Stories

Enrique

My best friend is from Menorca. Her native language is Catalan. We both went to uni in Barcelona. The Catalan variety of Menorca is quite different from Barcelona’s, which is considered “the standard”. She had to give a presentation for a pragmatics course. After she gave the presentation, one of the FOUNDERS of the linguistics department (first linguistics department in Spain) told her: “you probably did very good, but I didn’t understand much”. I (and the rest of the students) understood her perfectly fine.

Edith

I was once marked down by a lecturer in Austria for speaking with a Yorkshire accent instead of RP in an EFL class. English is not my native language. Now I have a Welsh accent from when I did my PhD in dialectology at Swansea University. I’m proud of it.

Dave

Before presenting my research at a conference the chair of the session (and head of the organisation running the conference) introduced me but instead of introducing my position or the title of my paper thought it more relevant to tell everyone that “Dave is from Scotland, so he is going to try to speak very slowly and clearly for us all so that we can understand him, isn’t he?”.  I responded that I could deliver my paper in Scots if they would like to which they replied “yes you like to think you have your own language don’t you?”

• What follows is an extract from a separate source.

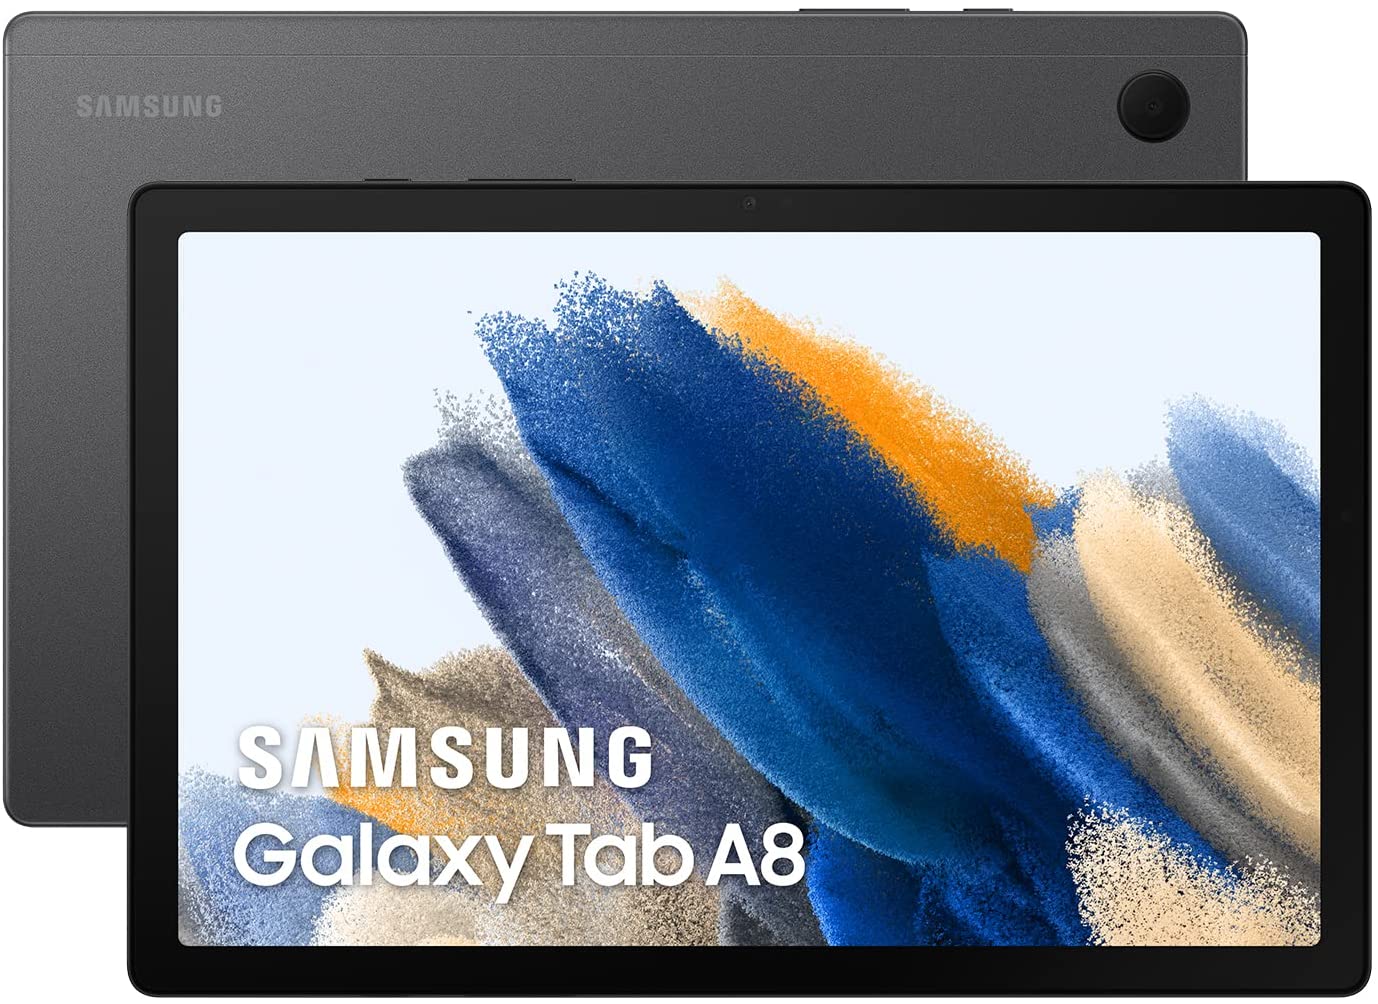 Samsung Galaxy Tab A8 vs Samsung Galaxy Tab A9

I think a few of the audience were also quite shocked at this but the majority thought it was quite funny. I always find it surprising that this would happen at an applied linguistics/sociolinguistics conference! Stuff like this happens to me frequently at conferences and it consistently strikes me as odd that linguists (mostly old, white and English…) assume that I’m not aware of my own speech or think I’m incapable of speaking in a way in which people can understand me.

Anon

On a winter evening train in Sussex, around 2010 or so, I had a brief phone conversation with my brother. We are from Liverpool so I accommodated (as presumably did he) but normally you wouldn’t notice. Two young families were across the aisle, some seated some standing. Phone call over, the two dads started bantering about how much they hated thieving/scrounging/whining Scousers, and chanting the name of the team that had just knocked Liverpool out of Europe. When it came to my stop, they made a pretence of not letting me off the train but in the end stood aside smiling

Eszter

One time, a British woman asked me upon meeting me ‘Where is home?’ I assumed she meant my address, so I told her which area I lived in, to which she replied (in a manner close to baby talk) ‘No, no, home. Where does mummy live?’ I was shocked as, although she was several decades older than me (and may have seen me as a young person), I have not lived with ‘mummy’ for almost a decade. I told her that I’m from Hungary to which she replied ‘Your English is so much better than my Romanian cleaning lady’s!’ I then told her that I’m doing a PhD in English linguistics and avoided talking to her for the rest of the night.

Thom

I seem to be in a minority of English people, with my nonstandard Leicester accent,  who pronounce “tongue” “tong” rather than “tung”. It got mocked at university, and even my wife finds it so funny that I’ve actually altered the way I say it, or avoid saying the word aloud. It’s a small thing, sure, but it does make me very self conscious.

Alice

I was picked on when I joined my secondary school for speaking ‘posh’. I guess I had quite an RP accent from my parents who had both had elocution lessons when they were younger. I would definitely not have considered myself ‘posh’ though. No one wanted to be posh at my school. I had to very quickly start speaking North Londonese to avoid bullying. 

Karen

I’m Irish and have experienced a lot of negative feedback and discrimination in the UK due to my accent, ranging from someone refusing to be seated next to me on a plane to students telling me they can’t take me seriously because I ‘sound like Father Ted’!